Разбитая, обессиленная, она прилегла на ворох кукурузных листьев, стала умащиваться, укрываться с боков и сверху. Долго ворошила, перекладывала листья, охапку положила под голову, другую нагребла на себя, свернулась на боку, подтянув колени к самому подбородку, и затихла. Уснула она не сразу, долго всхлипывала, прерывисто дышала, на короткое время ее охватывало полузабытье, и она отдыхала. Только к полуночи вконец измаянную Марию охватил спасительный сон… В эти недолгие часы перед ней в отрывочных, то сладких, то горестных сновидениях промелькнула почти вся ее жизнь…
Ей снилось, что она летит по теплому весеннему воздуху над зелеными, испещренными темными межами полями и у самой дороги узнает свое поле, на котором стоит ее отец, не такой худой, заросший рыжеватой щетиной, каким он был, когда его расстреливали белогвардейцы, а совсем молодой и красивый. Ветер шевелит его кудрявые волосы, он машет рукой, зовет Марию к себе, а она улыбается и не хочет спускаться на землю, потому что ей приятно, не чувствуя веса своего тела, легкой птицей парить над землей, видеть голубой извив речушки, и вербы на берегах, и стога сена, и белые, будто игрушечные, домики хутора…

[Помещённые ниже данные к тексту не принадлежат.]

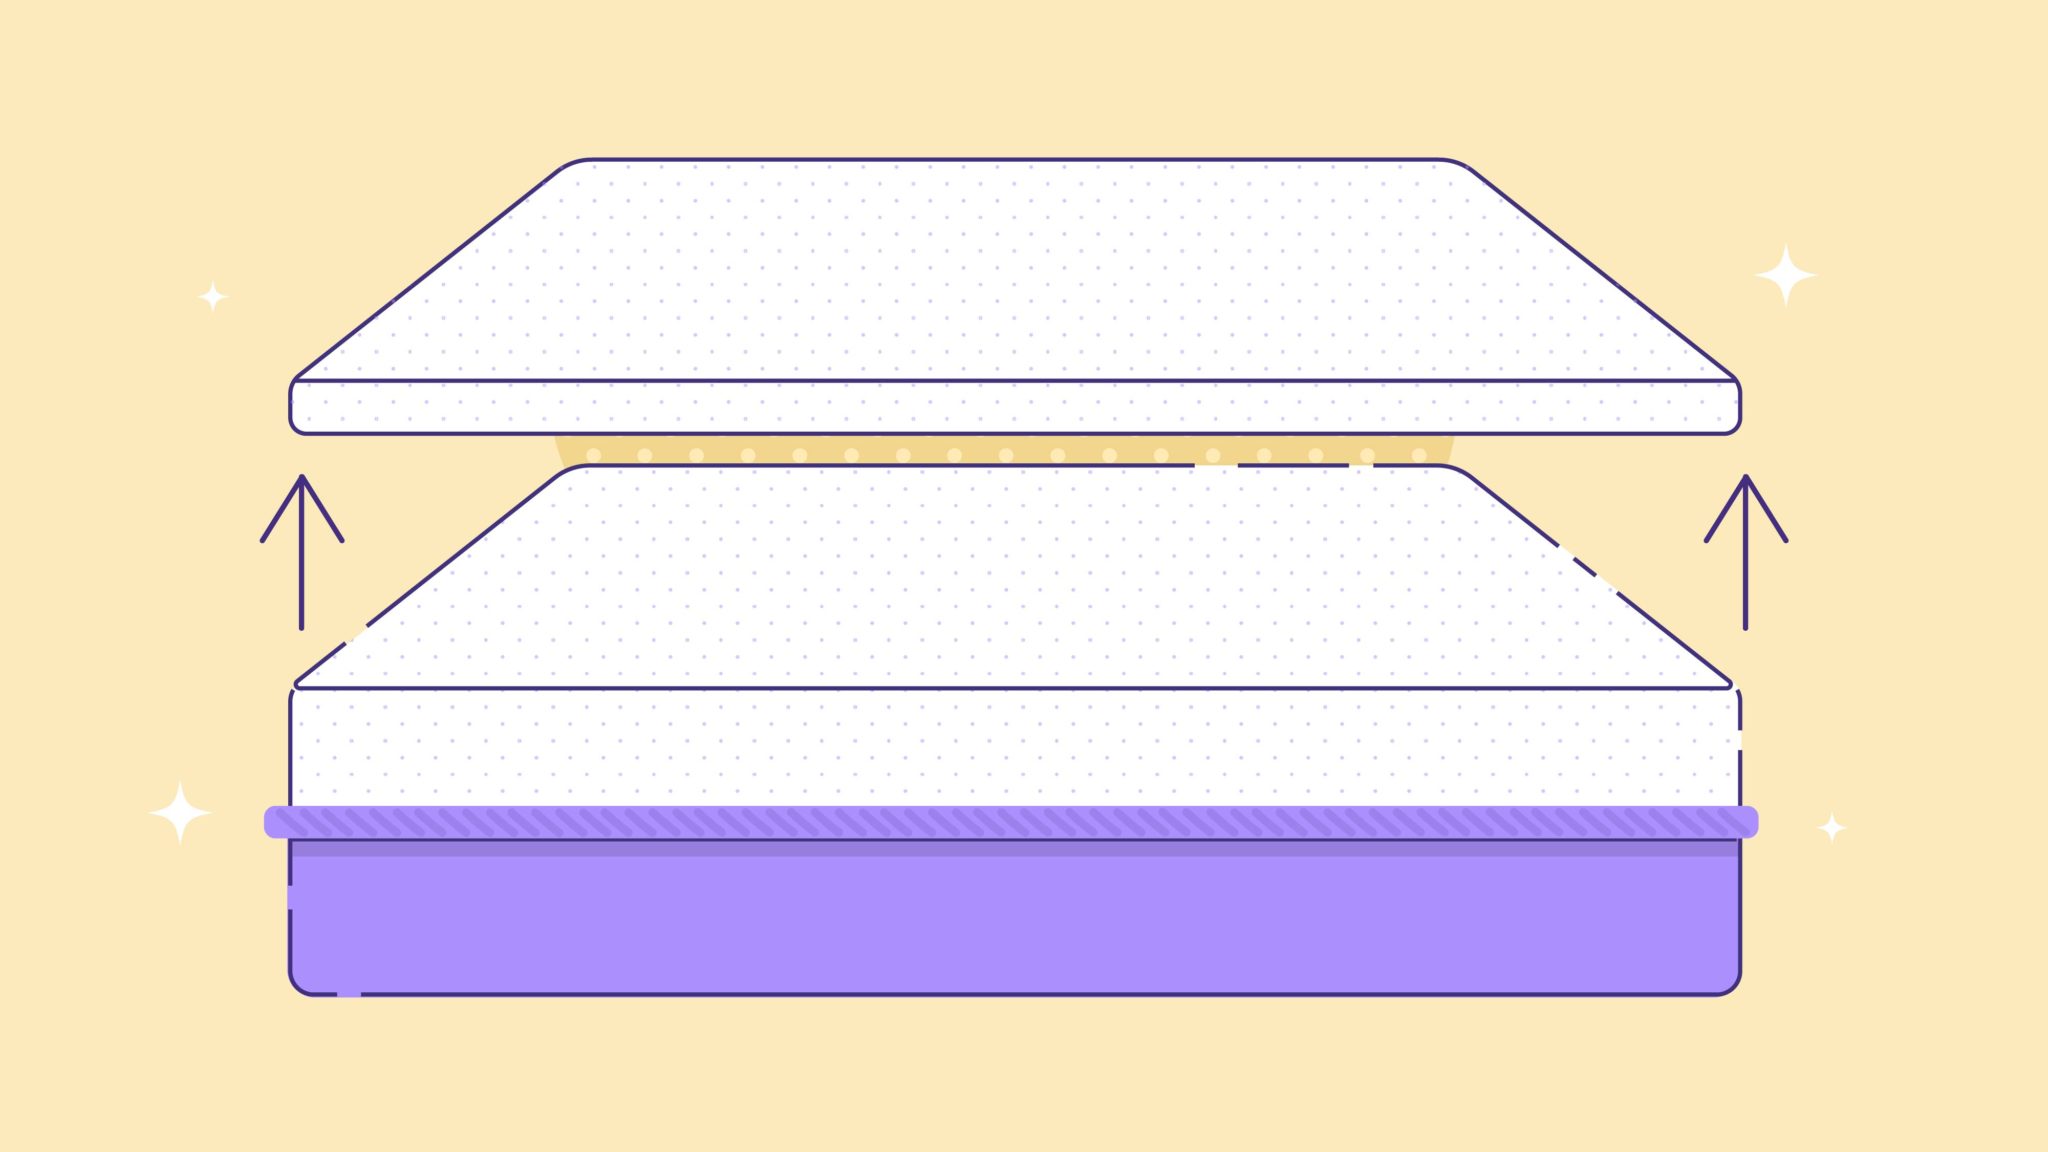 tempurature regulating memory foam mattress topper

Потом, после какого-то темного, томительного провала, Мария вдруг увидела пламя. Она застонала во сне, подумав, что это горит хутор, но это было пламя пионерского костра на берегу речки, и вокруг костра танцевали мальчики и девочки в красных галстуках, и она сама, двенадцатилетняя Маша, тоже держала кого-то за руку, пела веселую песню, и ей было так радостно и хорошо, что она хотела обнять всех: и учителей, стоявших под вербой, и высокого, ладного пионервожатого Ваню, который позже, через шесть лет, стал ее мужем, и хуторских мальчишек и девчонок, здоровых, румяных, чисто одетых. Они все смеялись, пели, плясали, и все увидели, как на востоке, за речкой, за зелеными лугами, теплая, лучистая, загорается алая утренняя заря. Но оказалось, что это вовсе не заря, а огромный, прозрачный, охвативший полнеба значок, и оттуда, из алой зари, — все увидели — улыбается живой Ленин…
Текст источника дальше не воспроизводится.